Thijmen Loof
- Country (sports): Netherlands
- Born: 15 July 2002 (age 24) Den Haag, Netherlands
- Height: 1.96 m (6 ft 5 in)
- Plays: Right-handed, two handed backhand
- Coach: Marvin Cijntje
- Prize money: US $62,065

Singles
- Career record: 0-0
- Career titles: 0
- Highest ranking: No. 961 (21 October 2024)
- Current ranking: No. 1,511 (3 August 2026)

Doubles
- Career record: 0-1
- Career titles: 0
- Highest ranking: No. 132 (3 August 2026)
- Current ranking: No. 132 (3 August 2026)

= Thijmen Loof =

Dutch tennis player (born 2002)

Thijmen Loof (born 15 July 2002) is a Dutch tennis player.
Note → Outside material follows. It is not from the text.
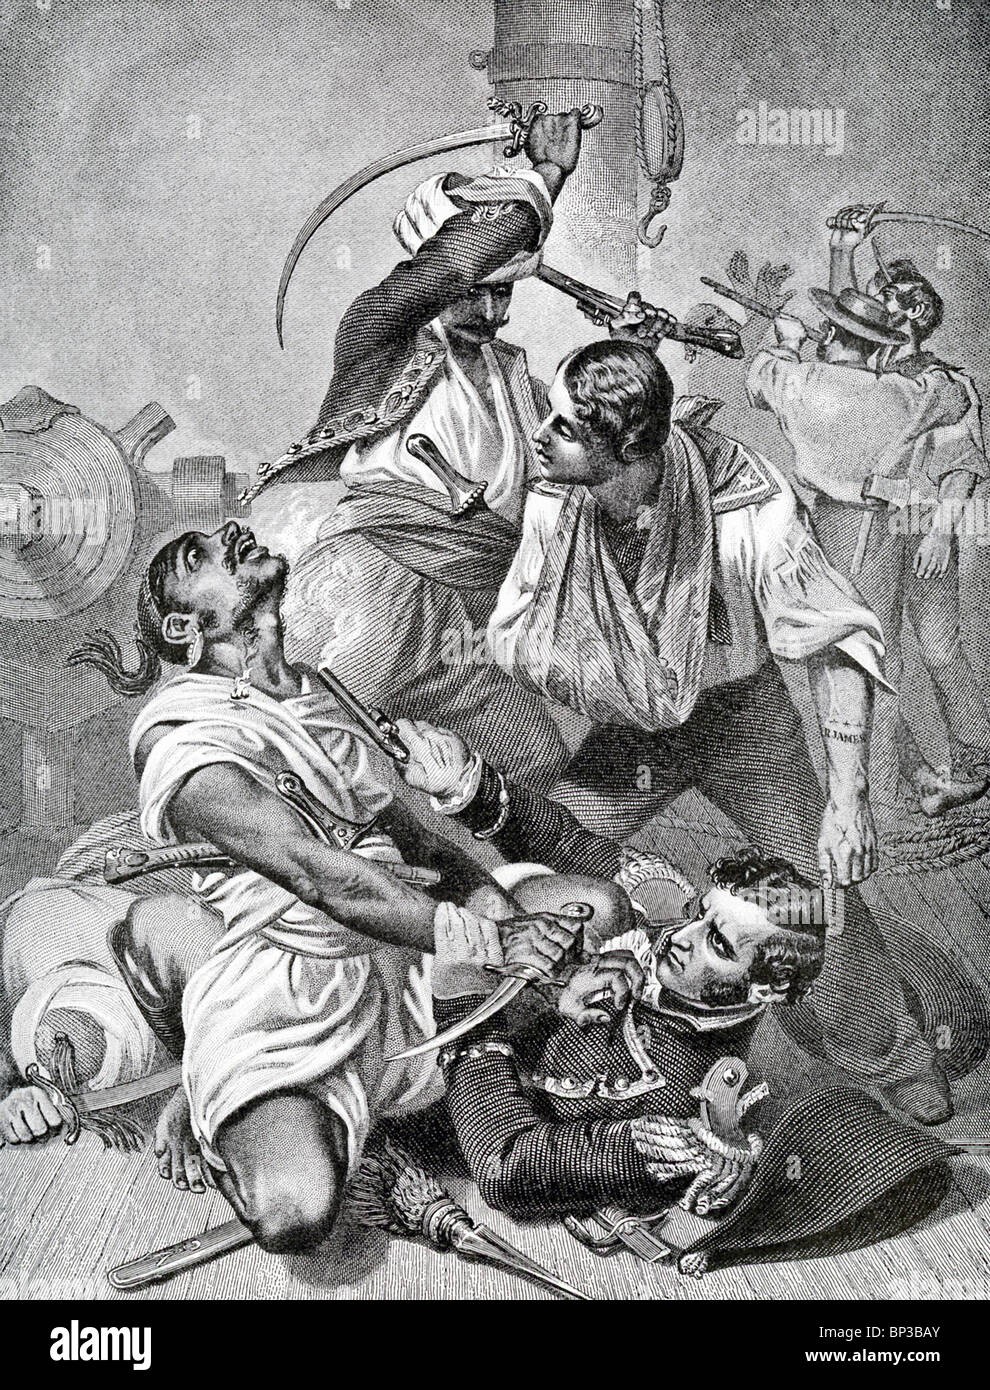 Decatur (sul terreno) e boatswain mate Ruben James (al di sopra di Decatur a destra) battaglia pirati barbareschi a noi Filadelfia nel 1803. Foto Stock

He has a career high doubles ranking of world No. 132 achieved on 3 August 2026 and a career high singles ranking of world No. 961 achieved on 21 October 2024. He won his first doubles title on the ATP Challenger Tour at the 2025 Côte d'Ivoire Open in Abidjan in April 2025.

==Career==
He became Dutch doubles champion in the under-16 age group in August 2018, alongside Frank Jonker. In the final, the pair defeated Jesse den Hartog and Jesse de Jager 6-4 7–5.

In August 2024, he was beaten in singles by Cruz Hewitt, in Hewitt's first win at a senior match.
He won two doubles titles in Bali in August and September 2024, his fourth and fifth doubles finals of the year. This included teaming up with Tibo Colson to beat Shintaro Imai and Moerani Bouzige in the final of 2024 Amman Mineral Men's World Tennis Championship, in straight sets.

In April 2025, alongside Matt Hulme, he reached the men's doubles final at the 2025 Côte d'Ivoire Open in Abidjan on the Challenger tour, after the retirement in the semi-finals of the pair Ricardas Berankis and Dominik Kellovský, where they defeated the pairing of Frenchman Clement Chidekh and Antiguan Jody Maginley in straight sets, 7–6, 7–4. Throughout the tournament they only lost one set, which was in the round of 16. Speaking after the match, Loof expressed his satisfaction in the mixed zone saying "today was probably our best doubles of the tournament".

==Personal life==
He is from The Hague in the Netherlands and started playing tennis as a youngster at a club in Bosjes van Pex of which his mother was a member.